----- INPUT FOR THIS TASK

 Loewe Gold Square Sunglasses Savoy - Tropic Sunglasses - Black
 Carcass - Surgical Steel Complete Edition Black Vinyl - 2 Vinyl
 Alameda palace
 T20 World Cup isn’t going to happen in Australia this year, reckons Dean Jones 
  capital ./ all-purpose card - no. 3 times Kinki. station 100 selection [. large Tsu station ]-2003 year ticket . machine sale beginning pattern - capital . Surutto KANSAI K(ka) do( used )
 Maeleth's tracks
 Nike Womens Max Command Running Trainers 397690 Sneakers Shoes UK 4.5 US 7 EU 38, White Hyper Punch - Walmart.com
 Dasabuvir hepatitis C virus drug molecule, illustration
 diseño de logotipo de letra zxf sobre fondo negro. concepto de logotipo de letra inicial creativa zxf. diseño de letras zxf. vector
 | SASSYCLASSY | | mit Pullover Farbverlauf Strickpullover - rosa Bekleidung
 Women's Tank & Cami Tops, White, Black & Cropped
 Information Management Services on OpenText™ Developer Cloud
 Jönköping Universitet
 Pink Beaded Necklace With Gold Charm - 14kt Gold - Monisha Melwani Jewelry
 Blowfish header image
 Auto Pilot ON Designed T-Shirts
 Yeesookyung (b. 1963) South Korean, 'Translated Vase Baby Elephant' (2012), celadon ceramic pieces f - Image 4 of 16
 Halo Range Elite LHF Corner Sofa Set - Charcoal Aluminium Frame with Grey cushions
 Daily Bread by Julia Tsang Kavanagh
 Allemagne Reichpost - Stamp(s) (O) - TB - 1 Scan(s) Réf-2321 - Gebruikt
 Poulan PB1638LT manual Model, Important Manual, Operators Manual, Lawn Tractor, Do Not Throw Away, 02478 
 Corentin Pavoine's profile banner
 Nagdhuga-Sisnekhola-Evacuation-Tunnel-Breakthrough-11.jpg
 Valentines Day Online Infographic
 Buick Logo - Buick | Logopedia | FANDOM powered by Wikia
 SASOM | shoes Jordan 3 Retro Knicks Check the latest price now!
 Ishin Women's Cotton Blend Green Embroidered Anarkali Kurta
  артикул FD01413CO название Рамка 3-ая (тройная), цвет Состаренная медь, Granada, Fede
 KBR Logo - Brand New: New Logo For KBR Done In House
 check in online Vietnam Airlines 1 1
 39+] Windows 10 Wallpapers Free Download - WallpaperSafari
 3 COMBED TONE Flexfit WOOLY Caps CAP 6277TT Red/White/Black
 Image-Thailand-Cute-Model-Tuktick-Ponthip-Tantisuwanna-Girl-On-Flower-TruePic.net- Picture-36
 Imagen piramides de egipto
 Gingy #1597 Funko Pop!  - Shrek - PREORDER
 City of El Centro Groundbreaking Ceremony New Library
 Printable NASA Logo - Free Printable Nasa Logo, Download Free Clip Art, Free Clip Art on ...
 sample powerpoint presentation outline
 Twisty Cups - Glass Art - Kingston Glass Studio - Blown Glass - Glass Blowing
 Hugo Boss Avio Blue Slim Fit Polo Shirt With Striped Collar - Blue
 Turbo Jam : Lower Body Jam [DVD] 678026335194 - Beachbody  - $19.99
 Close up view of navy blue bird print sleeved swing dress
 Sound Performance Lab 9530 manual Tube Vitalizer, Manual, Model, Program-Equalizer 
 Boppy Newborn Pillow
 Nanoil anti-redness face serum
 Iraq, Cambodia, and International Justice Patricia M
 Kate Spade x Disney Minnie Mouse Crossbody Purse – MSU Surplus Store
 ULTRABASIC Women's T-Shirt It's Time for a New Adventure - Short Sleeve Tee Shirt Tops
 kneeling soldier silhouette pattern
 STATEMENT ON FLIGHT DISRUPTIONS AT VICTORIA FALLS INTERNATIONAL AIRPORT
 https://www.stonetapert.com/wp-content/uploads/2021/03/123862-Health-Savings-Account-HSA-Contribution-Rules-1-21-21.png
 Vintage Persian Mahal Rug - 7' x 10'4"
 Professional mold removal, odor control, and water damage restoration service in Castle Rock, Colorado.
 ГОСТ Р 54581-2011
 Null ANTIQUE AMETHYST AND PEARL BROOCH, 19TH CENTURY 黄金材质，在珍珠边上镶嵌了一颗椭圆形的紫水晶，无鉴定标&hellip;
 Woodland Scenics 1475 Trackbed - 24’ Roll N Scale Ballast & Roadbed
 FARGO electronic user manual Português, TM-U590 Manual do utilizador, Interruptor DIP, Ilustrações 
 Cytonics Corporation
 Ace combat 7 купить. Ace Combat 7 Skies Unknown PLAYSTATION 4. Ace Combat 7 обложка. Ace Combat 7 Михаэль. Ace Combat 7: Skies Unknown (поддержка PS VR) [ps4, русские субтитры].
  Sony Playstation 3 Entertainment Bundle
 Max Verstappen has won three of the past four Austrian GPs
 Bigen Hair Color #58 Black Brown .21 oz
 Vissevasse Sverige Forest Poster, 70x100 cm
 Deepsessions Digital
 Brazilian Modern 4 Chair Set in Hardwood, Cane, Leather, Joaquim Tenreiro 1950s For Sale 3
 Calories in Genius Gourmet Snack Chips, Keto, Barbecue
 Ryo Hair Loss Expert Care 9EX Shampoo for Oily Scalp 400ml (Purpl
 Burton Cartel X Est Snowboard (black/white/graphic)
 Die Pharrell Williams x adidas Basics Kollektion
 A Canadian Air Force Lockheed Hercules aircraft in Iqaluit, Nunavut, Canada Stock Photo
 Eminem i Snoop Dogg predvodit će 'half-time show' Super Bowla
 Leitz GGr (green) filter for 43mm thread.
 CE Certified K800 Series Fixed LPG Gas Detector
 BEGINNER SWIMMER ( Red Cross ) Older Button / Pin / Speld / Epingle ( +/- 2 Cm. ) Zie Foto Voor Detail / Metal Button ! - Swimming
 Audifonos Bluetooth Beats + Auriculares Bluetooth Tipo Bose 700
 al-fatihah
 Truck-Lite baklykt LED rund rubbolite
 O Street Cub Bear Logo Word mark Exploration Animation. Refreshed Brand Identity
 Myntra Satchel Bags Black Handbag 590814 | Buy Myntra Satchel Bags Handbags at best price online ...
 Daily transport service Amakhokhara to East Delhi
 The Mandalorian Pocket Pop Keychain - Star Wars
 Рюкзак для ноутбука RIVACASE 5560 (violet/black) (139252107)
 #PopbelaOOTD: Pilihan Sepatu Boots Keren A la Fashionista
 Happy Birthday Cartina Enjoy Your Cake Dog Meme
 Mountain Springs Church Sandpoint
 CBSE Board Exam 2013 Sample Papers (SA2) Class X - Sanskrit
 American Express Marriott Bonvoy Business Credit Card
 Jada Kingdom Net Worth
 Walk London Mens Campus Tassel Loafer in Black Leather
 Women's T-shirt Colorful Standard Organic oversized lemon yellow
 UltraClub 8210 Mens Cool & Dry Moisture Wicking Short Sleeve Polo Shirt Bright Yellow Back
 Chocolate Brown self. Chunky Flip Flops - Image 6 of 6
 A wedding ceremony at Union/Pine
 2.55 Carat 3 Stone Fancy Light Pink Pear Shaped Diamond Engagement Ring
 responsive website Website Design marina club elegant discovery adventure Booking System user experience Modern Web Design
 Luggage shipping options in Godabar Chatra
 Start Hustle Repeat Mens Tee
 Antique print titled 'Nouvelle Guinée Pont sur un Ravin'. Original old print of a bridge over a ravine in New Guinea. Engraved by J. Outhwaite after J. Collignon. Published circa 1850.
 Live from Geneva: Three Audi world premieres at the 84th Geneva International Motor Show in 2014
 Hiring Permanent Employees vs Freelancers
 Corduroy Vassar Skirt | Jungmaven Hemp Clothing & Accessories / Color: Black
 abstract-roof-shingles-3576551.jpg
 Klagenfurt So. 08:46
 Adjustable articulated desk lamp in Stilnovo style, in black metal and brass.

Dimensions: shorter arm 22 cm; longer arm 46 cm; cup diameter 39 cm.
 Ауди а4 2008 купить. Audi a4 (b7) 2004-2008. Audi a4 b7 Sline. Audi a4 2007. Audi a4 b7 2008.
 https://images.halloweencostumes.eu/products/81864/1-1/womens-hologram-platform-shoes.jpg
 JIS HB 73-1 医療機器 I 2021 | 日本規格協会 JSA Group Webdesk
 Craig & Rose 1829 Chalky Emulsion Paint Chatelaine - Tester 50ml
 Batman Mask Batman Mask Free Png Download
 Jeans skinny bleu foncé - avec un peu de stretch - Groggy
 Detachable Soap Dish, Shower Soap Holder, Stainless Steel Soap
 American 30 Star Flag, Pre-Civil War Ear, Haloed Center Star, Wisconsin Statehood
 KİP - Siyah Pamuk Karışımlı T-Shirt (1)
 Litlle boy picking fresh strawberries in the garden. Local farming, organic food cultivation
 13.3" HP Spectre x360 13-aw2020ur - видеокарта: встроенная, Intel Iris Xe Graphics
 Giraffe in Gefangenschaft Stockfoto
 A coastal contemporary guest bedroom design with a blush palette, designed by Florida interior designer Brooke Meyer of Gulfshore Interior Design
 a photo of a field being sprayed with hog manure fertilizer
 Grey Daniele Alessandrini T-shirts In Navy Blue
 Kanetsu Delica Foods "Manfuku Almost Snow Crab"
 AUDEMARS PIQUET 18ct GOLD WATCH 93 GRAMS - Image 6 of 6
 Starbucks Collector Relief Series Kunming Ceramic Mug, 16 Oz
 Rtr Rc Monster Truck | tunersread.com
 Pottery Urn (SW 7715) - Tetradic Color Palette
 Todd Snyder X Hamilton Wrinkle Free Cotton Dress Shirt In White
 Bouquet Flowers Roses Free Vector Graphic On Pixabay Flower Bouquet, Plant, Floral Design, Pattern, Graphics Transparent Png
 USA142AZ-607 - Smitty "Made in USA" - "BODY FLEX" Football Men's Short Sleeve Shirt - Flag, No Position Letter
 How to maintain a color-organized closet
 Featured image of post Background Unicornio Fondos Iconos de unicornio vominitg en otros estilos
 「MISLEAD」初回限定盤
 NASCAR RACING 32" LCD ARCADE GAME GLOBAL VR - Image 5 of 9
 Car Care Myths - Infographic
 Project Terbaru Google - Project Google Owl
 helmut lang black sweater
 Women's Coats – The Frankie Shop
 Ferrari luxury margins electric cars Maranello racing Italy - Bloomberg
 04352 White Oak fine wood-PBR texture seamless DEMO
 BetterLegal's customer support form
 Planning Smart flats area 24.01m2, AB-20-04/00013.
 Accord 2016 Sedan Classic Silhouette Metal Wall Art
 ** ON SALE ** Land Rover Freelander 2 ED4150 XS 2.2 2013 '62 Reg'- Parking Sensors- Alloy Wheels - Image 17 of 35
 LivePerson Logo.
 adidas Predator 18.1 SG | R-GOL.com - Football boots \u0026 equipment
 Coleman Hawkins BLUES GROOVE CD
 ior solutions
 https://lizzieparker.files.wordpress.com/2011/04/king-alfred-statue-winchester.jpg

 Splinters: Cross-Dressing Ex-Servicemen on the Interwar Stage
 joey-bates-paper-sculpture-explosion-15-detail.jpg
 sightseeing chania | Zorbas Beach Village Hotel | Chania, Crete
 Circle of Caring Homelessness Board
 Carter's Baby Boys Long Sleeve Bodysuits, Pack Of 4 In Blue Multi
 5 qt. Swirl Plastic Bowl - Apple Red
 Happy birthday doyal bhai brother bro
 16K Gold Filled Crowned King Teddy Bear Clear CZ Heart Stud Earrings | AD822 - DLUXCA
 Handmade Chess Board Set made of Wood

----------

● ASSIGNED TASK: Repeat only the lines above, from the first line of the entries through the line that contains "Corentin Pavoine's profile banner", including both ends.

● SOLUTION:
 Loewe Gold Square Sunglasses Savoy - Tropic Sunglasses - Black
 Carcass - Surgical Steel Complete Edition Black Vinyl - 2 Vinyl
 Alameda palace
 T20 World Cup isn’t going to happen in Australia this year, reckons Dean Jones 
  capital ./ all-purpose card - no. 3 times Kinki. station 100 selection [. large Tsu station ]-2003 year ticket . machine sale beginning pattern - capital . Surutto KANSAI K(ka) do( used )
 Maeleth's tracks
 Nike Womens Max Command Running Trainers 397690 Sneakers Shoes UK 4.5 US 7 EU 38, White Hyper Punch - Walmart.com
 Dasabuvir hepatitis C virus drug molecule, illustration
 diseño de logotipo de letra zxf sobre fondo negro. concepto de logotipo de letra inicial creativa zxf. diseño de letras zxf. vector
 | SASSYCLASSY | | mit Pullover Farbverlauf Strickpullover - rosa Bekleidung
 Women's Tank & Cami Tops, White, Black & Cropped
 Information Management Services on OpenText™ Developer Cloud
 Jönköping Universitet
 Pink Beaded Necklace With Gold Charm - 14kt Gold - Monisha Melwani Jewelry
 Blowfish header image
 Auto Pilot ON Designed T-Shirts
 Yeesookyung (b. 1963) South Korean, 'Translated Vase Baby Elephant' (2012), celadon ceramic pieces f - Image 4 of 16
 Halo Range Elite LHF Corner Sofa Set - Charcoal Aluminium Frame with Grey cushions
 Daily Bread by Julia Tsang Kavanagh
 Allemagne Reichpost - Stamp(s) (O) - TB - 1 Scan(s) Réf-2321 - Gebruikt
 Poulan PB1638LT manual Model, Important Manual, Operators Manual, Lawn Tractor, Do Not Throw Away, 02478 
 Corentin Pavoine's profile banner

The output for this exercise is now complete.